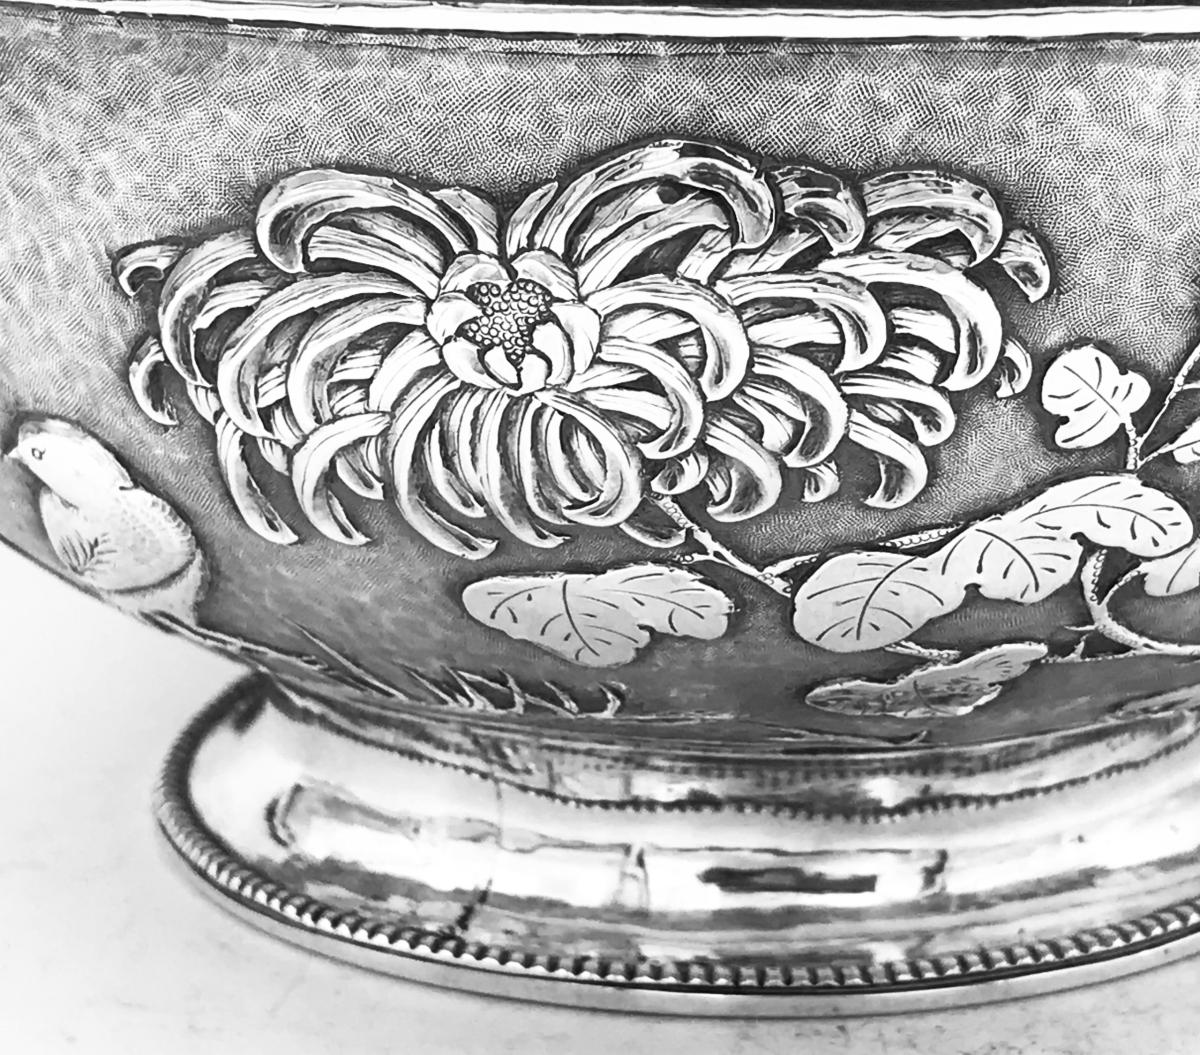 Chinese Export Silver Bowl
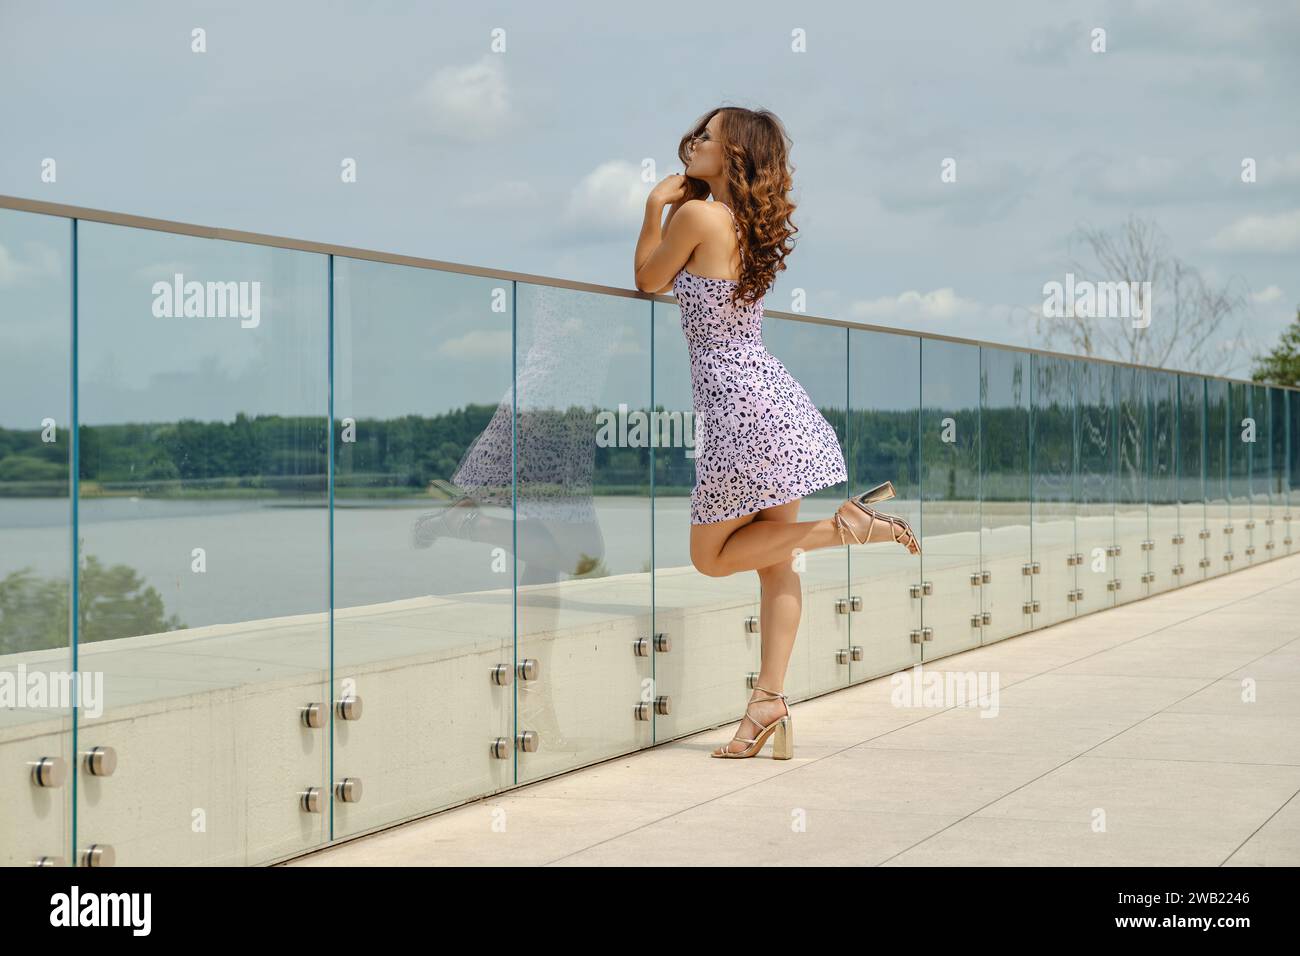 Slender woman in sundress with straps leans on glass railing of observation deck Stock Photo
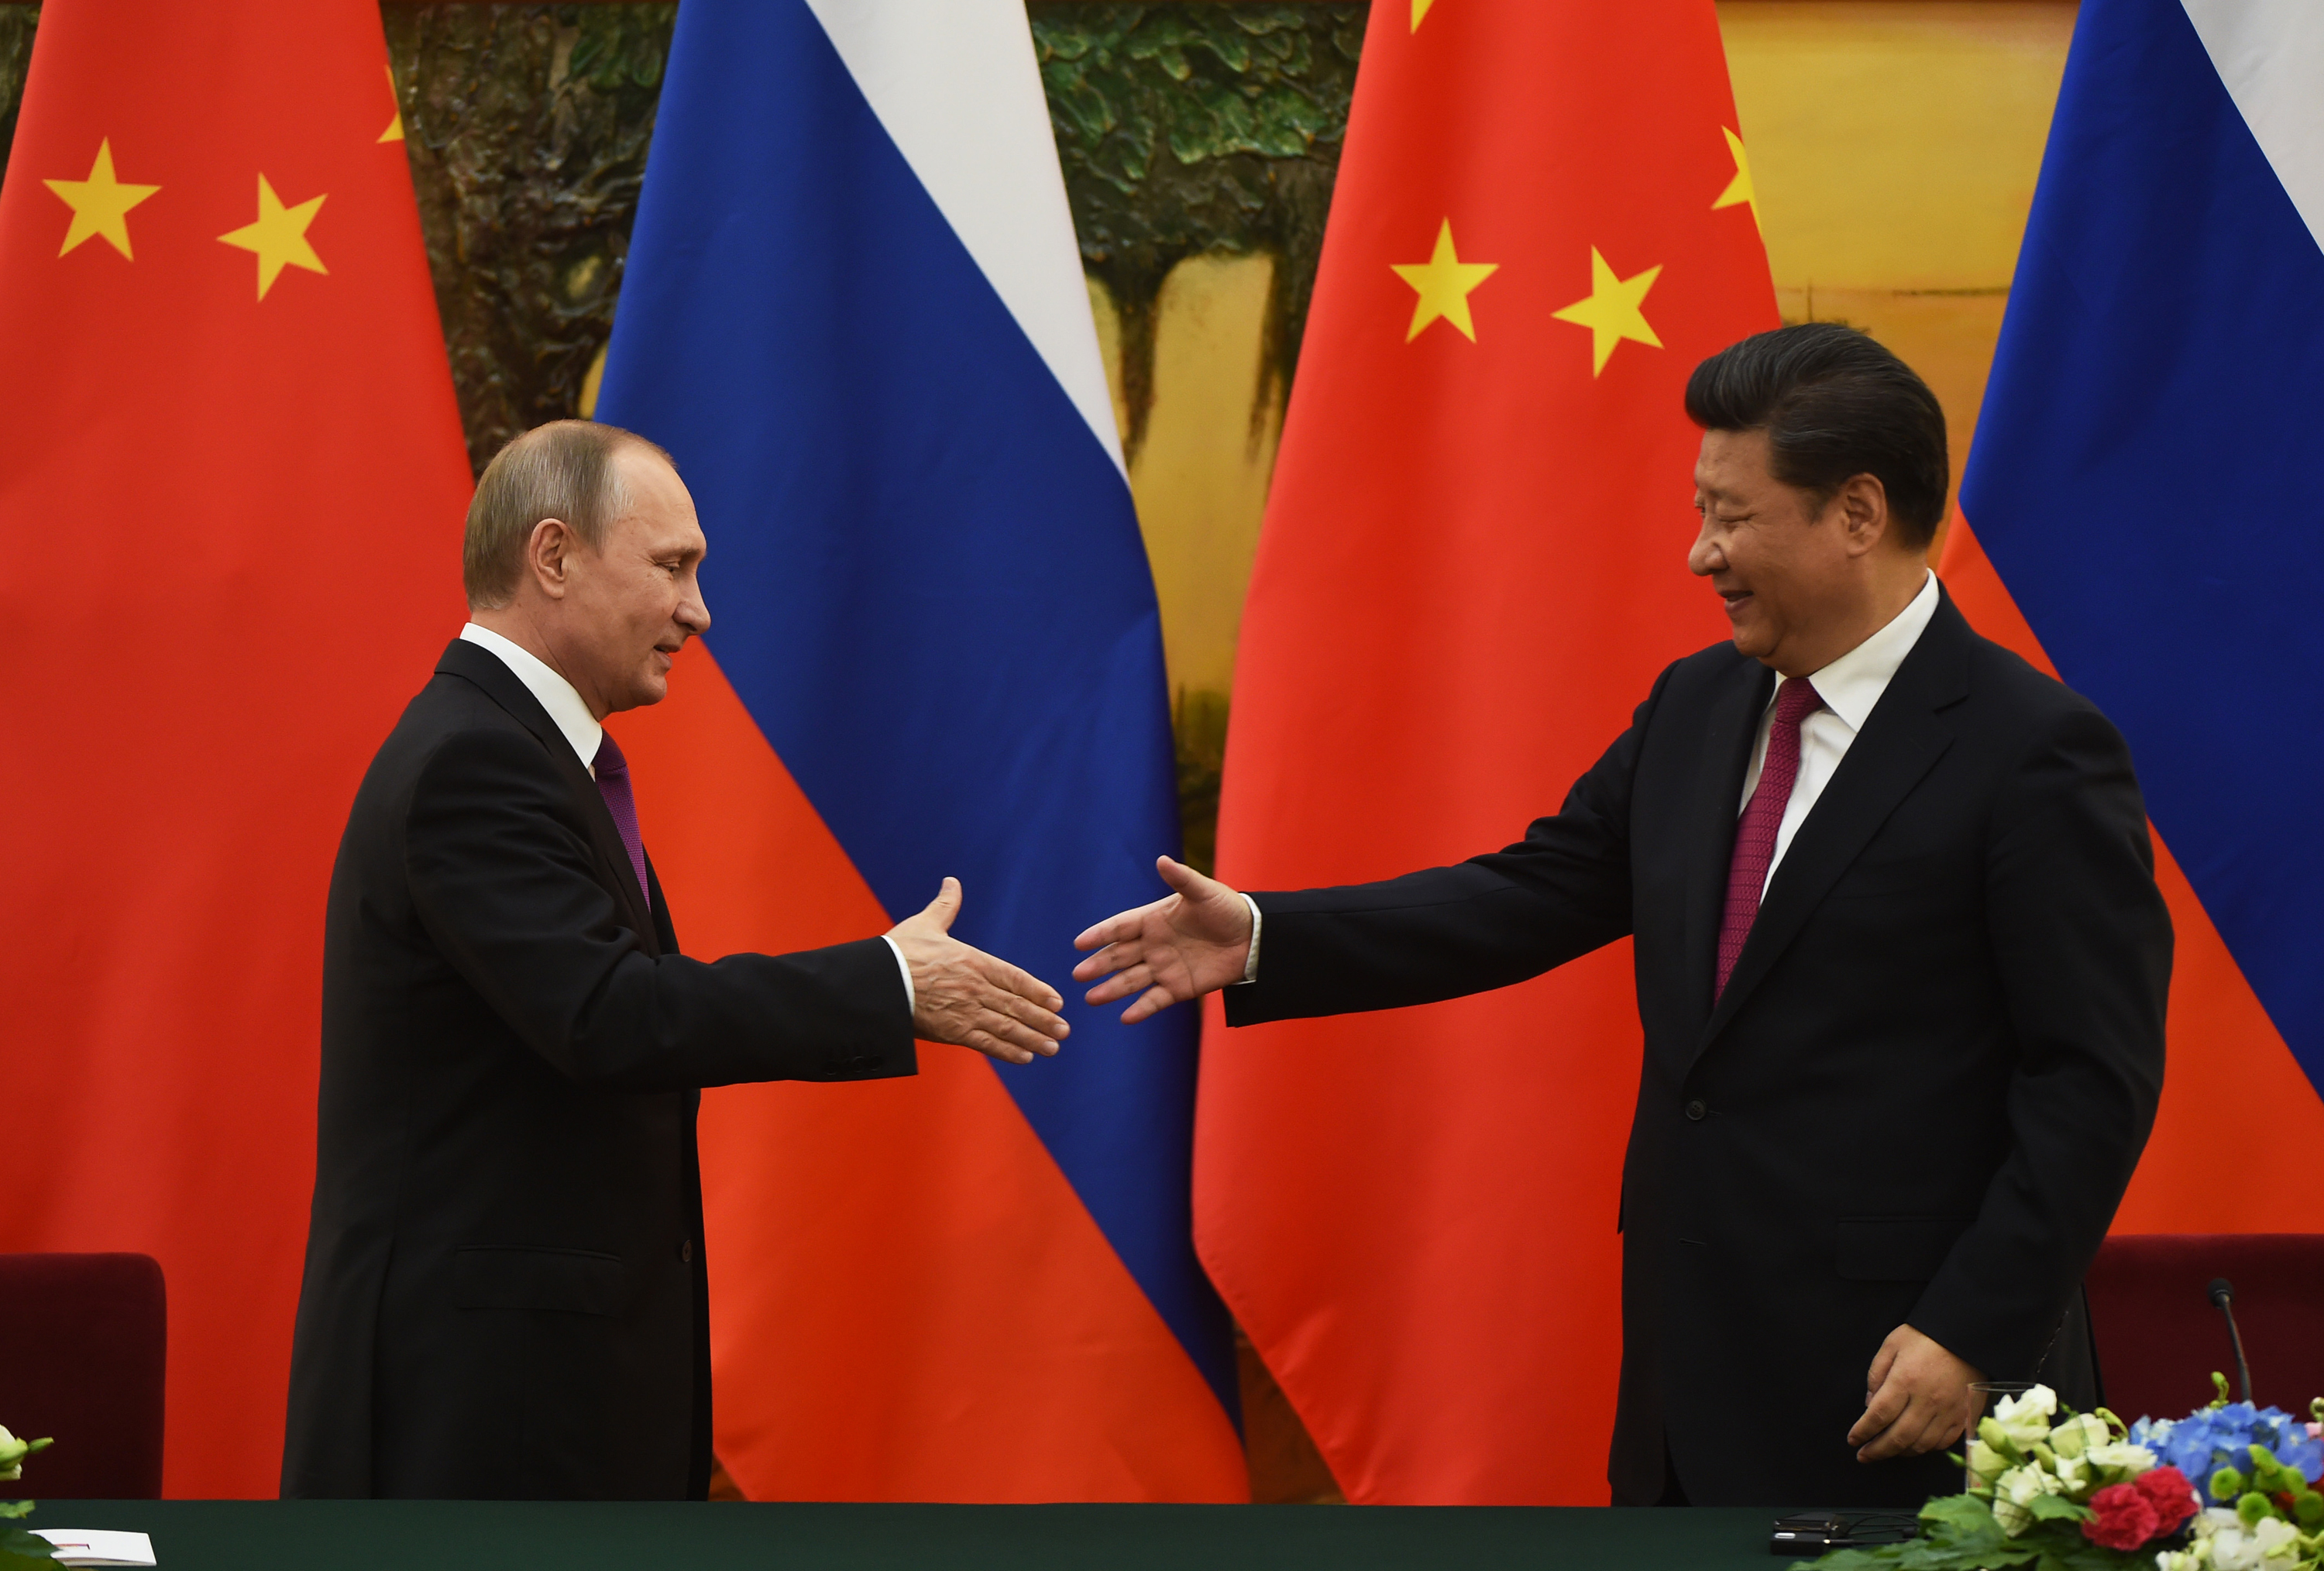 Russian President Vladimir Putin, left, shakes hands with Chinese President Xi Jinping

▸ **What the task asks**
Copy the whole of the material above exactly, and exclude every picture.

▸ **Completed task**
 Chinese Export Silver Bowl
 Slender woman in sundress with straps leans on glass railing of observation deck Stock Photo
 Russian President Vladimir Putin, left, shakes hands with Chinese President Xi Jinping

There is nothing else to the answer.